This year at Hot Chips 31, in addition to the Nervana NNP-I inference accelerator, Intel also presented its next-generation data center training accelerator – the Nervana NNP-T. The chip was presented by Andrew Yang, Intel Senior Principal Engineer and the lead of the training product architecture in the AI products group. Yang is one of the original Nervana team members where he was the Senior Director of Hardware.
Please note that some of the information in the article comes from other sources such as the Kloss’s Nervana presentation from the Linley Processor Conference form early this year. Carey Kloss is VP of Intel AI Products Group and GM for AI Hardware.
Spring Crest is the successor to Lake Crest which was the original 28-nanometer Nervana NPU. While the original chip served as a learning experience and prototype that only sampled to select customers, Spring Crest targets mass production. The chip is branded as the Nervana Neural Network Processor for Training (NNP-T) 1000.
Spring Crest is a training neural processor for the data center. It is intended for air-cooled infrastructure in the 150-250W typical power range. The final product will come in two form factors: a PCIe accelerator card and an OCP mezzanine accelerator module. Communication between the chip and the host CPU is done over 16 lanes of PCIe Gen 4, enabling close to 32 GB/s of bandwidth.
At a high level, Spring Crest comprises 24 tensor processor clusters or TPCs. Note that those were previously called Compute Clusters (CCs). There is 60 MiB of tightly-coupled scratchpad memory distributed among the TPCs. Spring Crest features 32 GiB of near-chip memory in the form of HBM2 operating at 1200 MHz. In order to support scale-out, there are four InterChip Links (ICLs) comprising 64 SerDes lanes. Communication is done over a 2D mesh NoC that interconnects all the TPCs together as well as to the HBM2 stacks and the various I/O peripherals.
The chip itself is fabricated on TSMC 16-nanometer process (16FF+), packing 27 billion transistors on a 680 mmÂ² die. Spring Crest uses a 2.5D CoWoS package which includes four 8-Hi HBM2 stacks on a 1200 mmÂ² interposer. The package itself is standard 6-2-6 layer stackup 60 mm x 60 mm BGA package with 3,325 contacts.

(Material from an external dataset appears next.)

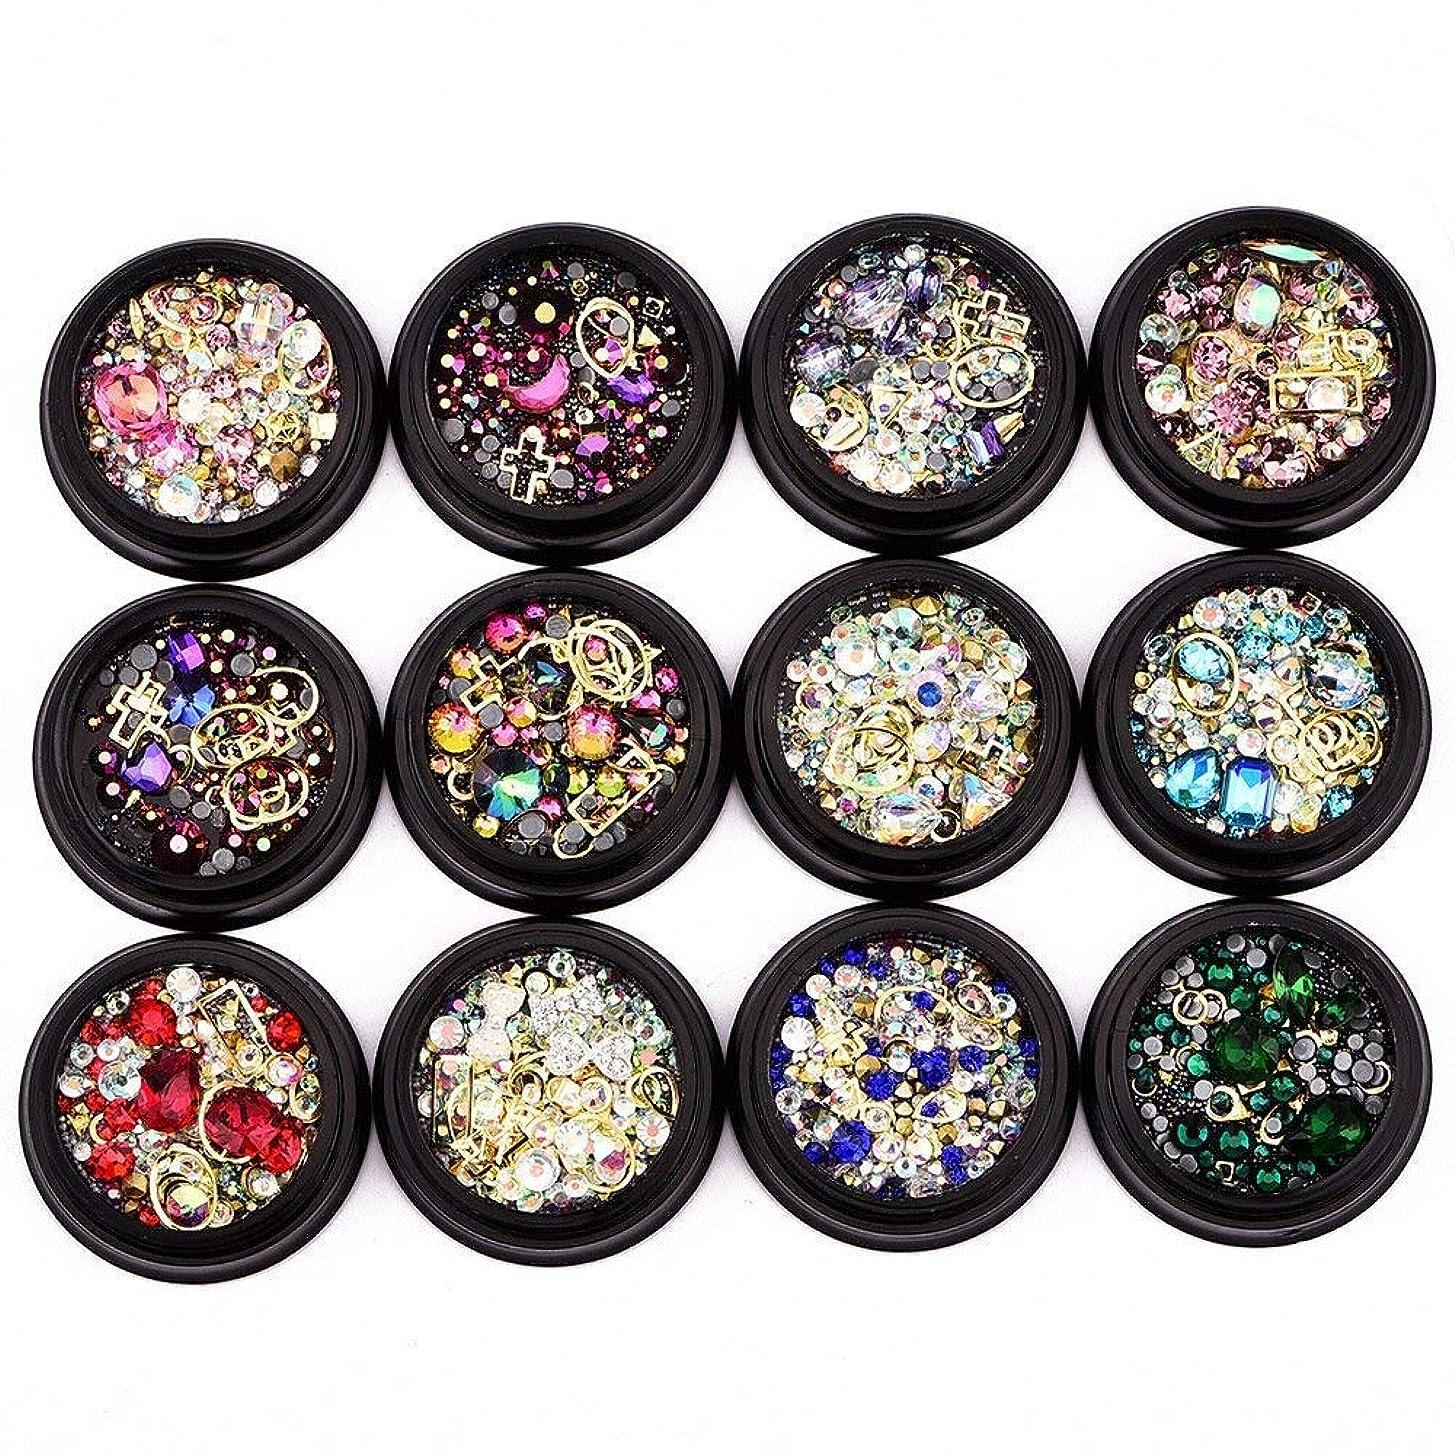 凍った島ガチョウRETYLY 12パック 色混合ネイルアートの装飾アクセサリー 装飾 ラインストーン、ダイヤモンド、クリスタル、金属スタッドビーズ宝石 diyの装飾用

Intel says that the chip will come with models up to 1.1 GHz and up to 119 TOPs (bfloat16).
The workhorse processing units on Spring Crest are the Tensor Processing Clusters (TPCs). There are 24 instances of the TPC on a chip. If we look closely at the floorplan that Intel published we can see that 20 of the TPCs use one physical layout in a 4×5 grid while four additional TPCs use a second physical layout slightly rearranged to fit between the two HBM interfaces on the east and on the west side of the die.

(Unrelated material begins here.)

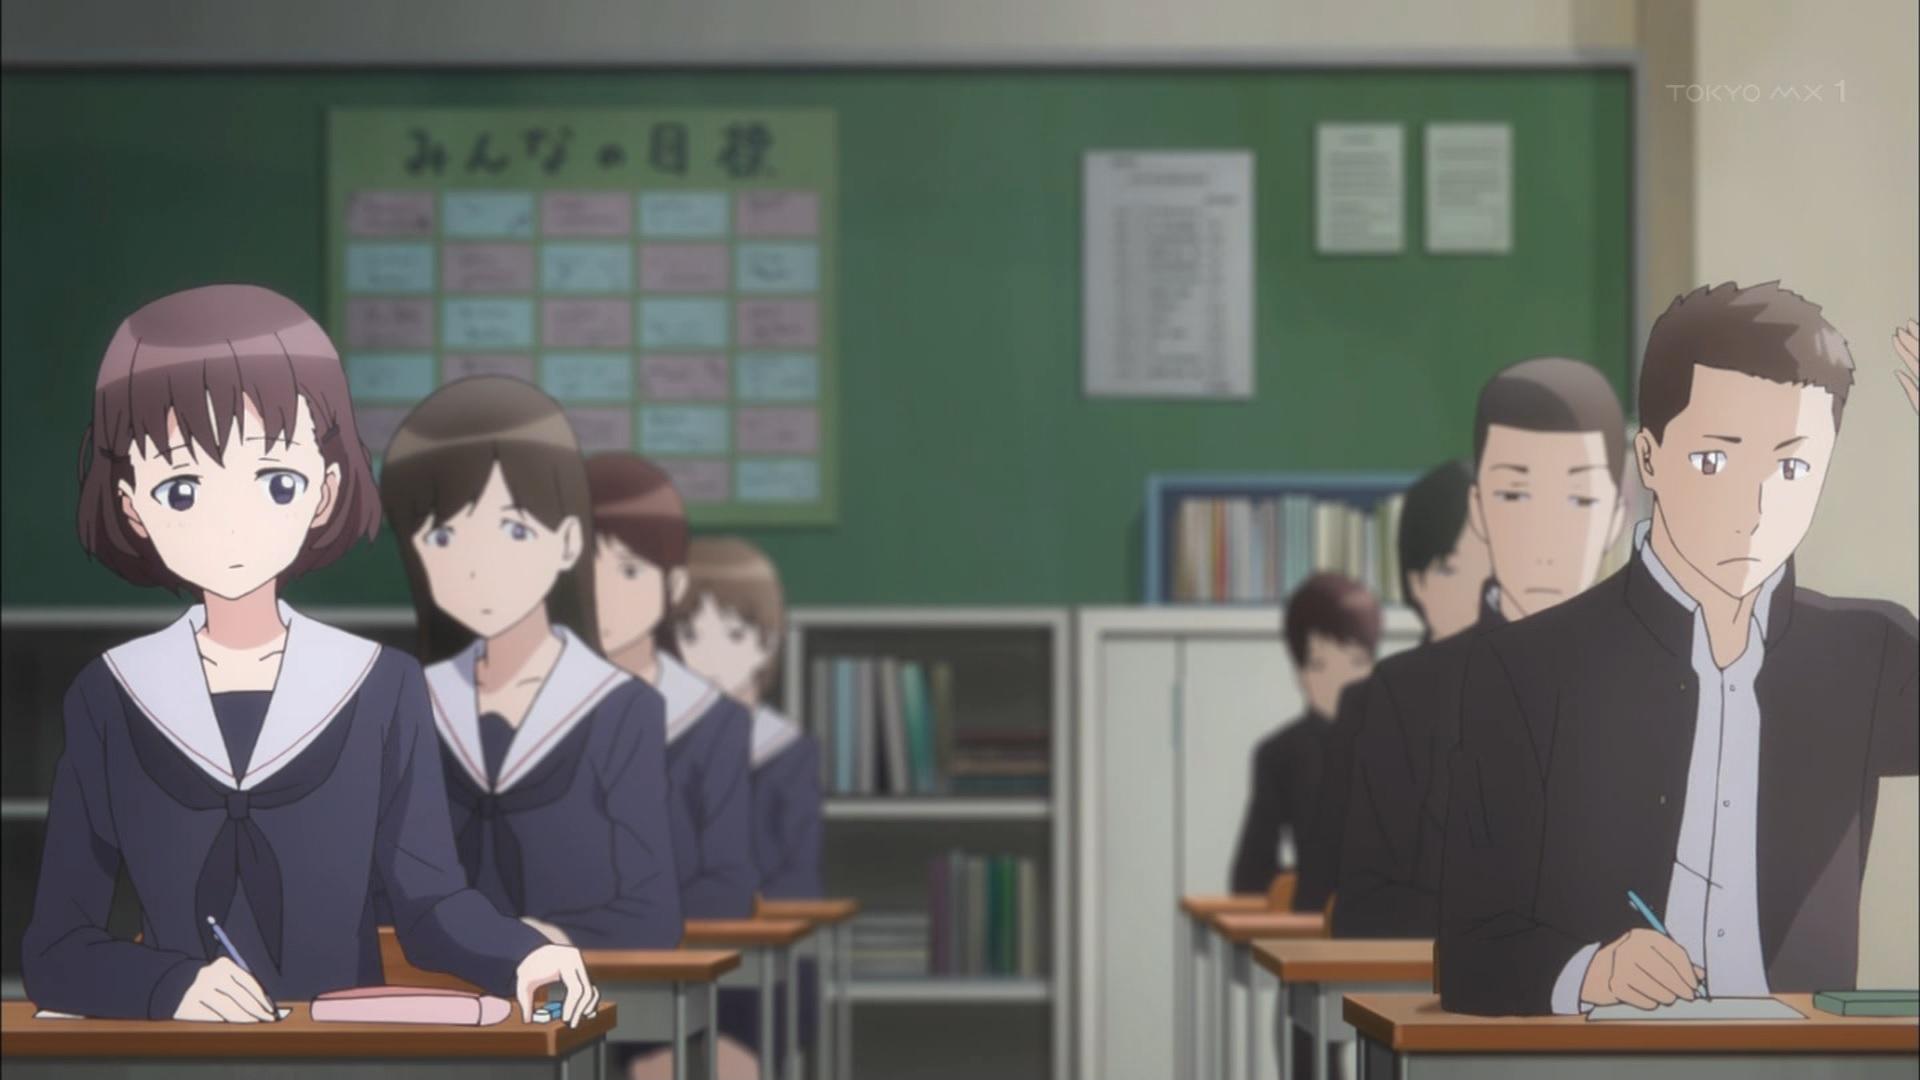 中学時代の夏目美緒と相馬陽斗

Each Tensor Processing Cluster comprises two MAC processing units, a control unit, a convolution transformation engine, a highly-banked tightly-coupled memory, and a crossbar on-chip router (OPC).
The TPC is a cluster of two identical processing units. Each unit has two major components: a matrix-multiply core and a vector pipeline. The matrix multiply core is a 32×32 array that uses bfloat16 for the multiply and FP32 for the accumulate. We have seen Intel choosing a 32×32 array with its Spring Hill inference chip as well (though keep in mind, Spring Hill uses Int8 while Spring Crest uses BF16). The choice for 32×32 is the good balance they get between high data reuse and problems with quantization effects. In total, the chip has a theoretical peak compute of 4096 OPS/cycle per TPC, and with 24 TPCs, we are looking at 98.3 KOPS/cycle (or 98.3 TOPS at 1 GHz).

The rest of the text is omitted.